|
|
Somebody had better get busy educating the people around us about our world, its challenges, and what we need to be doing to create a better future.
Might as well be you. And what better place to do some educatin’ than your own school!
First step: get others thinking about what’s going on in our world.
What can you do to raise awareness about the world and our role in it? Here are a few ideas to get you started:
- Get permission to hold a computer smash-up in a public space to highlight the problem of e-waste, with signage telling about how many we throw away every day, and how many toxic components end up in landfills or in the hands of a Poor World recycler. (We throw away 130,000 computers a day in the US, and only about 10 percent are recycled—and these are typically shipped overseas and end up places like this, getting broken apart for the sometimes-toxic treasures inside them.)
- In a public area, create a “budget graph” of our national budget out of large boxes, with each stack relative in size to the amount of the federal budget it represents. Military Spending: $1.2 trillion (current wars and military apparatus, interest on national debt attributable to military spending, nuclear weapons program, veterans services); interest on federal debt: $240 billion; US anti-poverty programs: $120 billion (housing, school lunches, etc); tax breaks for wealthy Americans: $72 billion; Homeland Security $43 billion; Dept. of Education: $49 billion; Pell grants: $34 billion; subsidies to fossil fuel producers: $10; EPA: $10 billion; clean energy: $10 billion; aid to world’s poor: $8 billion; national parks: $3 billion. Then have petitions to sign for rearranging the budget to meet human need and protect the environment. (Here are the addresses of Congress.)
- Set up an assembly with a speaker on child labor, sex trafficking, climate change (NCP climate change page), or the 27 million human beings held in slavery TODAY around the world (see NCP
resource on slavery). NCP director David Radcliff frequently speaks at schools and colleges on environmental or human justice topics. He’s knowledgeable, engaging, and occasionally funny.
- Do something yourself to call attention to an issue or concern, such as spending only a dollar a day on food—like a billion of our neighbors.
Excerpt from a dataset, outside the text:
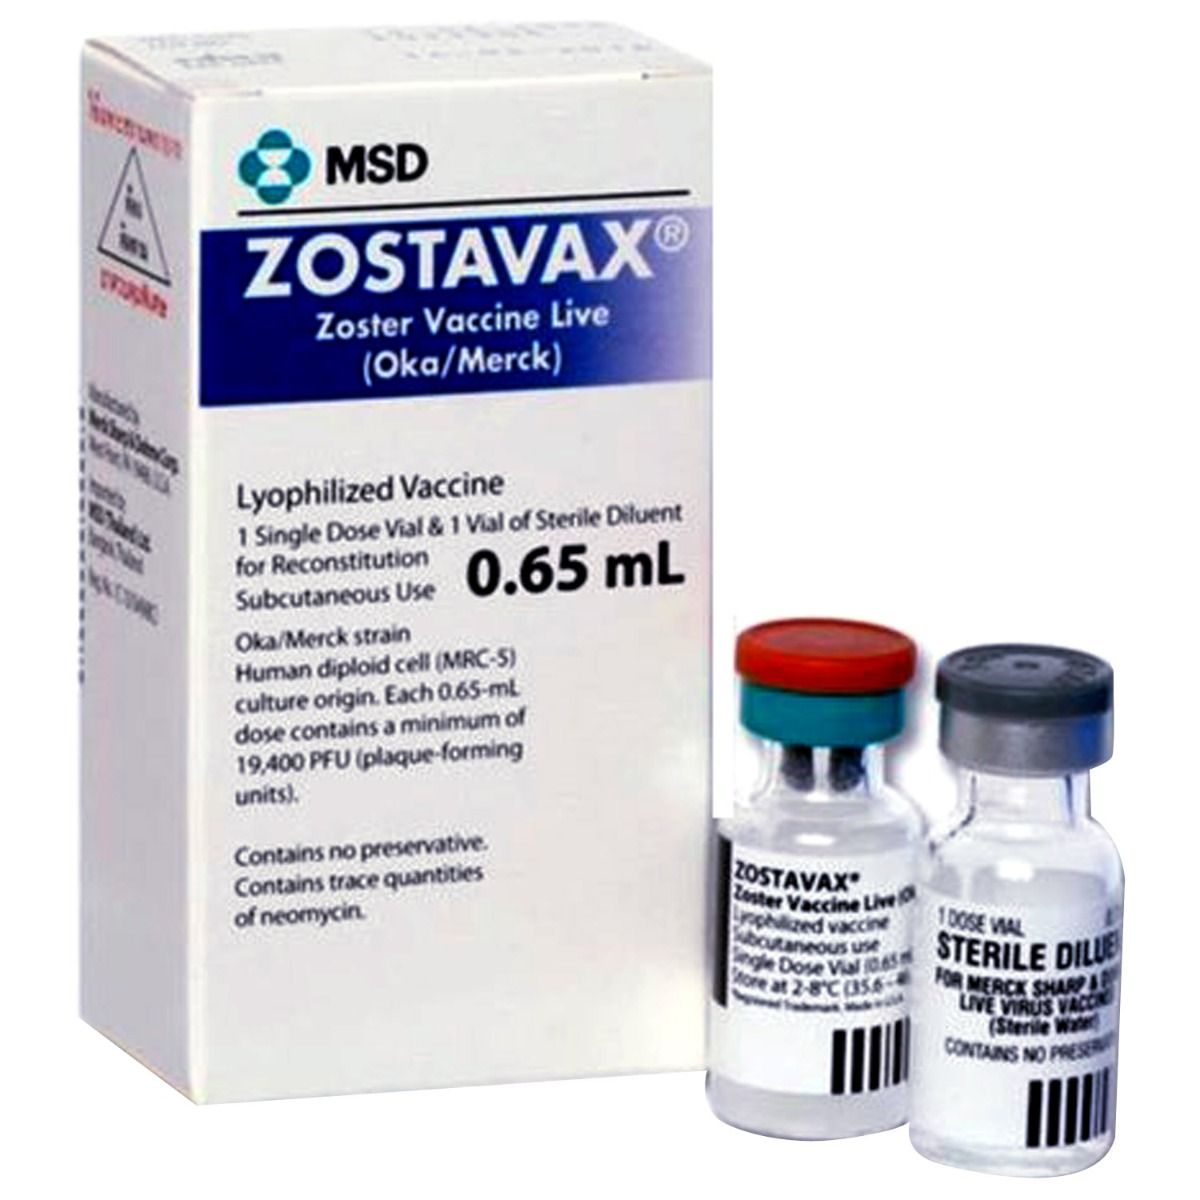 Buy Zostavax Vaccine 0.65 ml Online

- Get yourself on an NCP Learning Tour and come back with stories to tell about the situation of girls, refugees, the rainforest, or other hot topics.
- NCP's Food for Thought is a hunger experience like nothing you've been a part of—complete with environmental refugees and local global warming impacts! Versions available for grade schools and youth/young adults.
- Do a class report on any of the issues on this page—great way to educate your peers (and maybe your teacher!) Contact NCP for resources.
- Need more ideas? NCP’s Get Organized! page has links to separate info-pages on over consumption, global warming, poverty, women’s issues, and indigenous rights.
Need motivation/inspiration? Give a listen:
Next step—mobilize for change
How can you impact the larger community? Some possibilities:
Justice
- Time for a fund-raiser for your school or club? Sell candy bars without selling out—switch to Fair Trade instead of chocolate from cocoa plantations using child workers.
- Does your campus have a “sweat-free” purchasing policy (clothing at the campus bookstore, for instance) Check out: http://www.studentsagainstsweatshops.org
- Does your school promote the Graduation Pledge to consider the social and environmental consequences of future work? http://www.graduationpledge.org
- Work with campus religious leaders or other activists to do an advocacy/action campaign on a current global issue. For instance: learn about sex trafficking and then raise money for girls’ education, one key to keeping girls out of the sex trade.
Environmental
- Is there a school-wide policy for purchasing “green” products and having green practices—from light bulbs to copy paper to toilet paper to cutting back on lawn chemicals to installing low-flow showerheads?
- Does the food service company purchase any locally-grown food? (buying local food produced 98 percent fewer carbon emissions in a Virginia Tech study)
- Are there widespread recycling containers?
- Are there good vegetarian options in the cafeteria (meat production has a huge eco-impact?
- Are there loaner bikes around campus?
- Do campus police and other workers get around with energy efficient vehicles—or even bikes?
- Is there a limit on the number of free copies each student can make at library printers—and after that a per page charge?
- NCP’s Tom Benevento has a degree in Sustainable Systems and is available as a consultant to campuses wanting to reduce their energy footprint. http://newcommunityproject.org/grounds_keepers.shtml
- Get your friends to kick the drinking habit--bottled water, that is! Think Outside the Bottle! Dive in deeper—more water info here!
- Measure the food waste in the cafeteria. Then begin a campaign to remove trays from the cafeteria, eventually having everyone carry their food to their tables on plates—then measure how much less food is waste.
- If you're on a college campus, work with administration to hold a contest between dorms to see which one uses the least water/energy per person—or which one reduces consumption the most based on an earlier base-line. Reward with pizza—and smaller increases in tuition.
- Use meal time to educate your peers about the impact of meat-based diets and other issues by using NCP's Table Tents.
- Lots of your friends packing their lunch? Find out how to save money and the planet by going waste-free!
- Get one of NCP's global warming info/action blurbs in each week's edition of the campus newspaper.